Und änder bitte den Titel des Threads in etwas, womit wir auch was anfangen können


----------



## patrick1527 (30. Dezember 2009)

sry, titel war eig N O O  B hat eine frage ^^ aber das N O O B hat er mir weggenommen ^^

danke für die Hilfe werde es gleich testen =9

Funktioniert leider nicht =(


----------



## hhunderter (30. Dezember 2009)

Kommt den irgendeine Fehlermeldung ?
bzw. was Funktioniert den nicht so?


----------



## bofh1337 (30. Dezember 2009)

Sehe ich gerade...mach mal aus dem "id" ein "ID".....oder änder das feld in der DB


----------



## patrick1527 (30. Dezember 2009)

hhunderter hat gesagt.:


> Kommt den irgendeine Fehlermeldung ?
> bzw. was Funktioniert den nicht so?



keine Fehlermeldung das feld ist einfach nur leer ...
am "id" liegt es auch nicht, da es in der Datenbank auch klein geschrieben ist

hab das einfach so in das Formular geschrieben

^
	
	
	



```
<?php

    $liste = '';
    $sql1 = mysql_query("SELECT id,begr FROM `katalog`");
    $ergbenabf = mysql_query($sql1);
    while ($res1 = mysql_fetch_array($sql1))
    {
        $liste .= '<option value="' . $res1['id'] . '">' . $res1['begr'] . '</option>';
    }
?> 
   <select name="aufgabe">' . $liste . '</select>
```

danke für Edid!


----------



## hhunderter (31. Dezember 2009)

Richtig würde das so aussehen:

```
<?php

    $liste = '';
    $sql1 = mysql_query("SELECT * FROM `katalog`");
    $ergbenabf = mysql_query($sql1);
    while ($res1 = mysql_fetch_array($ergbenabf))
    {
        $liste .= '<option value="' . $res1['id'] . '">' . $res1['begr'] . '</option>';
    }

   echo '<select name="aufgabe">' . $liste . '</select>';
?>
```

Vorausgesetzt du hast die Datenbank vorher schon geöffnet :

```
mysql_connect(hostname, user, pas);
mysql_select_db(dbname);
```


----------



## patrick1527 (31. Dezember 2009)

Funktioniert leider trotzdem noch nicht , es kommt die meldung 

Warning: mysql_fetch_array(): supplied argument is not a valid MySQL result resource in xxxx on line 56

Also ein Fehler beim Selecte sollte das bedeuten oder , aber ich habe mit der Datenbank schon connectet also an dem kann es normal nicht liegen...


----------



## rd4eva (31. Dezember 2009)

Existiert die Tabelle katalog überhaupt?
Bzw. Existiert die Tabelle katalog überhaupt in der Datenbank in der du dich befindest oder musst du eventuell noch die Datenbank ändern!?

Siehe
http://de.php.net/manual/de/function.mysql-select-db.php


----------



## _Grubi (31. Dezember 2009)

Was soll denn der doppelte Aufruf von mysql_query()?

```
$sql1 = mysql_query("SELECT id,begr FROM `katalog`");
    $ergbenabf = mysql_query($sql1);
```
Ändere es einmal so:

```
$ergbenabf = mysql_query("SELECT id,begr FROM `katalog`") or die(mysql_error());
```
Wenn dann alles funktioniert und es keine Fehlermeldungen mehr gibt, kannst du 

```
or die(mysql_error())
```
wieder entfernen (Semikolon aber nicht löschen  )


----------



## patrick1527 (31. Dezember 2009)

danke werde ich dann morgen testen  jetzt wird erst mal gefeiert danke =)

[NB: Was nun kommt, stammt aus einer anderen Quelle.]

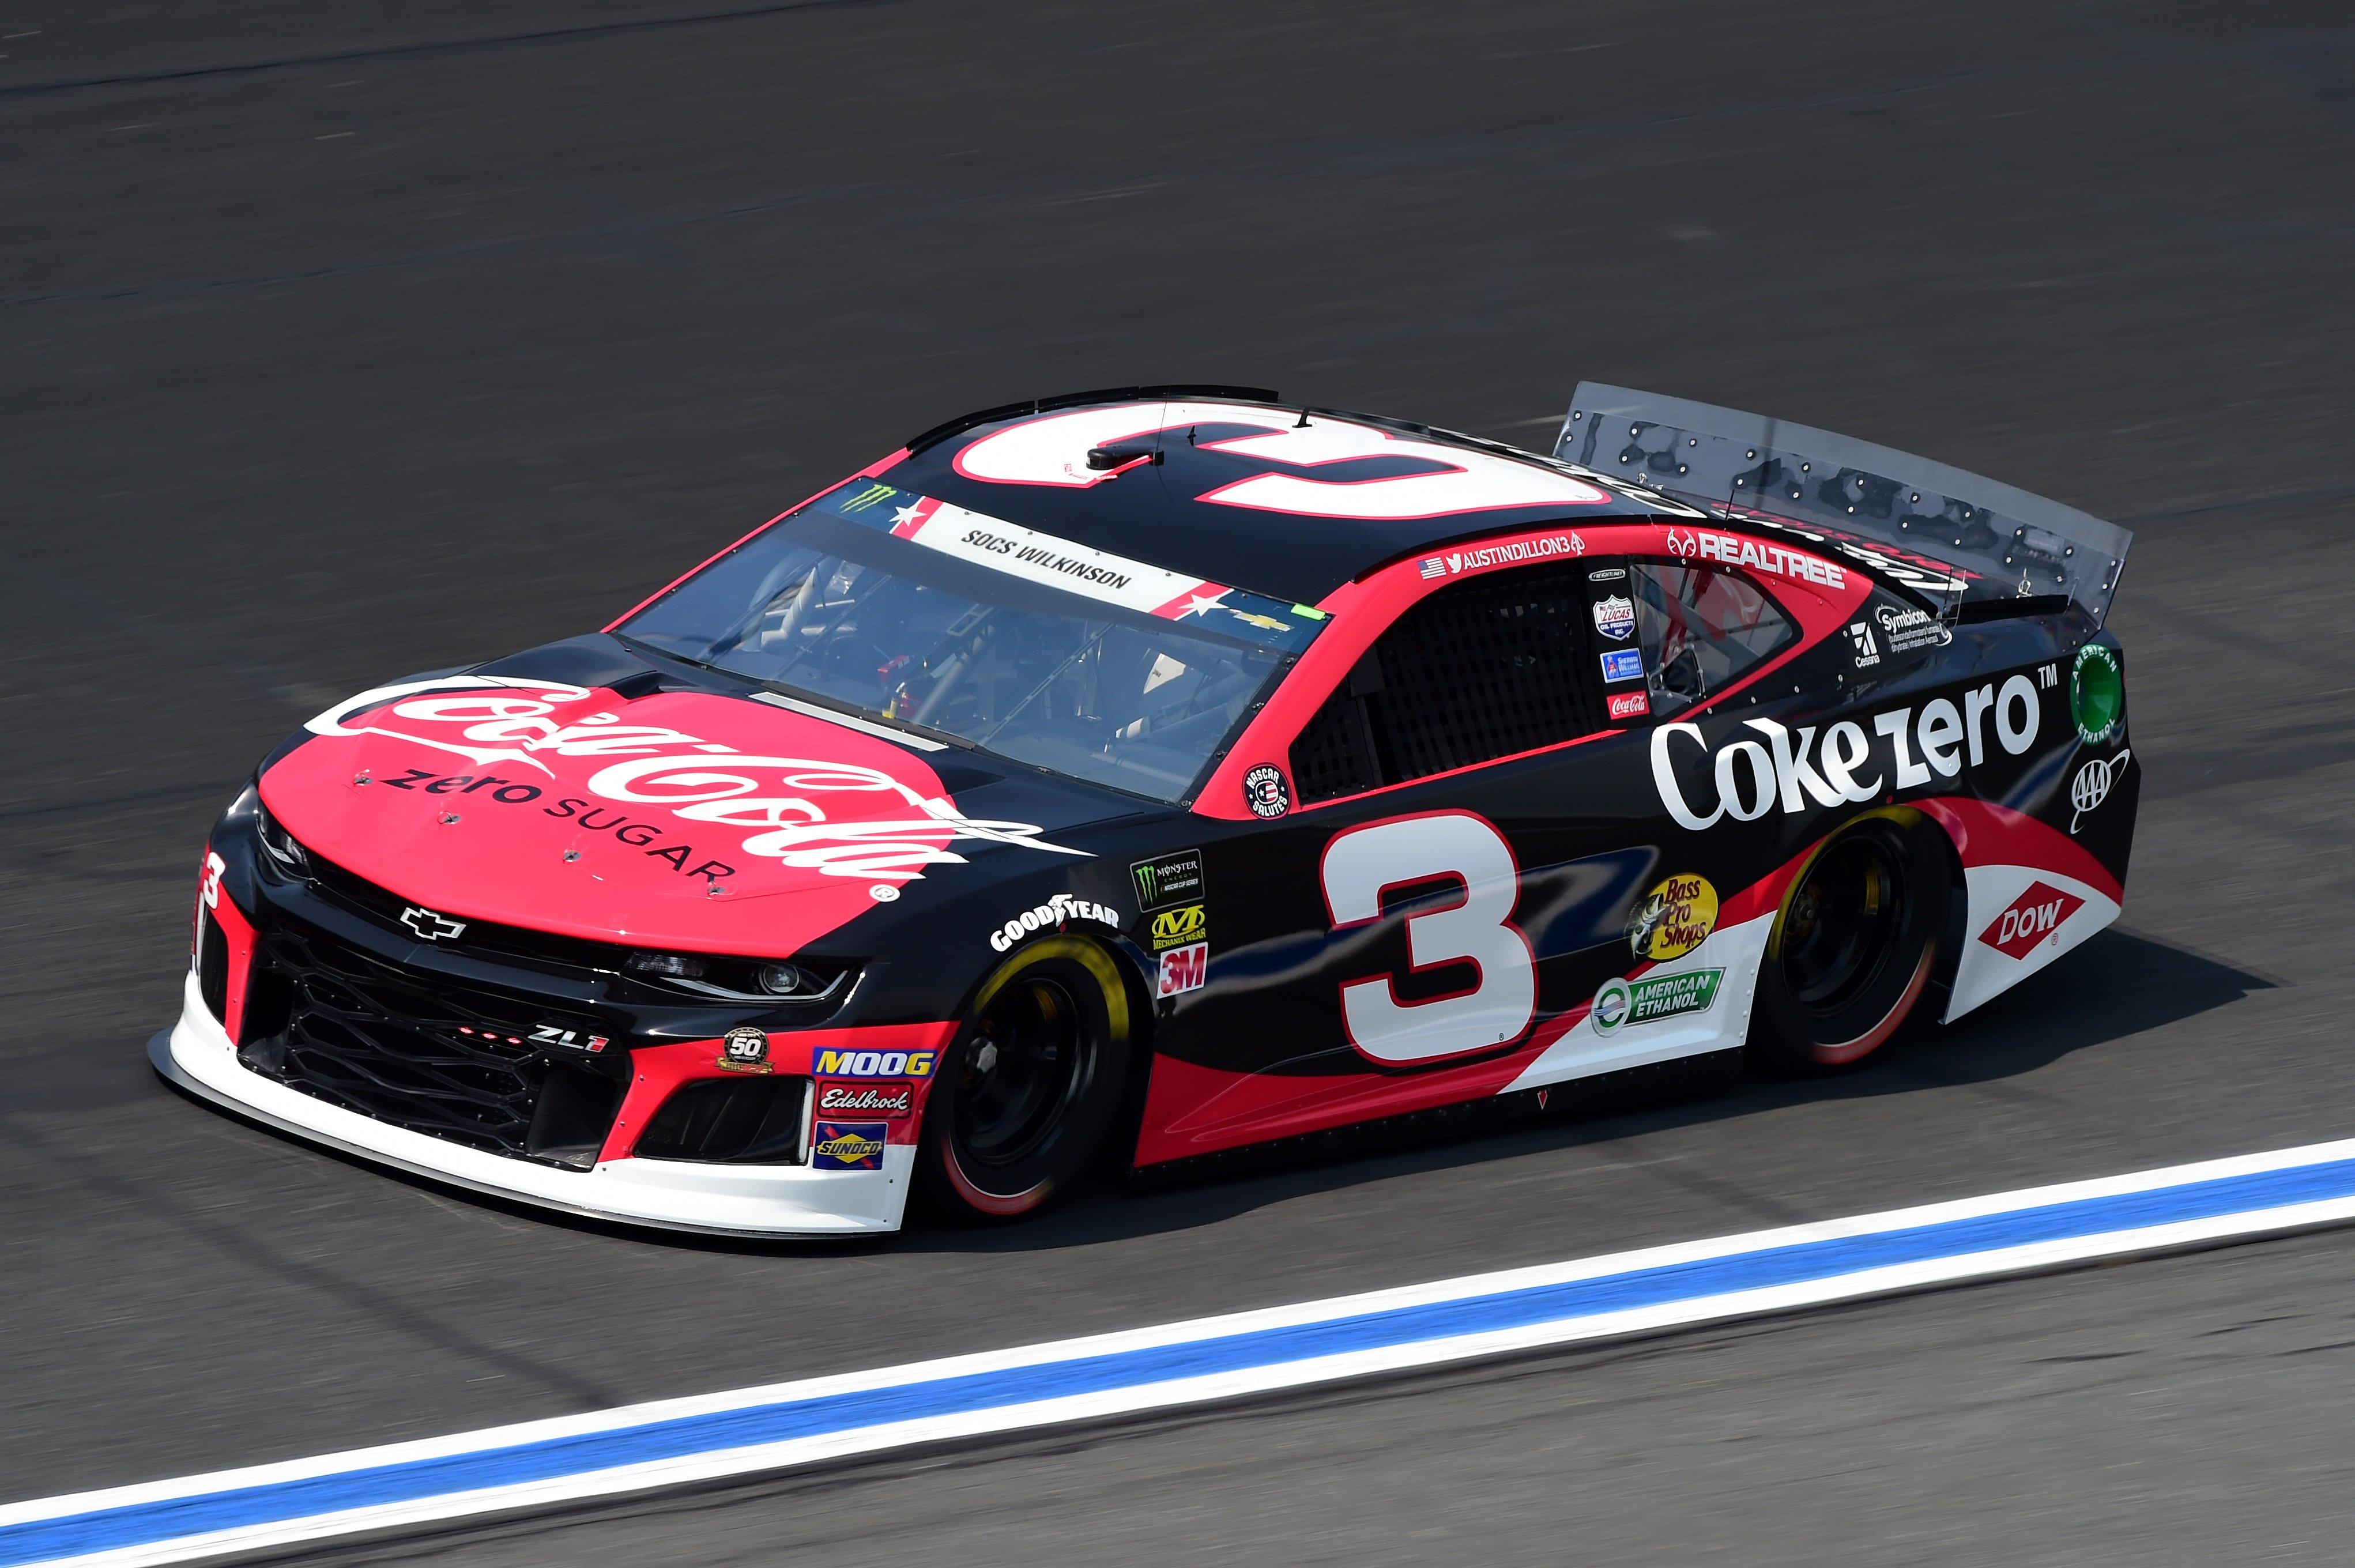 Coca-Cola 600: 10-lap average speeds (May 2019)

wünsche einen Guten Rutsch


----------



## patrick1527 (1. Januar 2010)

Danke, funktioniert jetzt einwandfrei =) 
eine frage hätte ich jetzt noch wenn ich die ID in einem eigenem Textfeld ausgeben möchte, abhängig von der auswahl des Drop Down Menüs wie kann ich das Realisieren ?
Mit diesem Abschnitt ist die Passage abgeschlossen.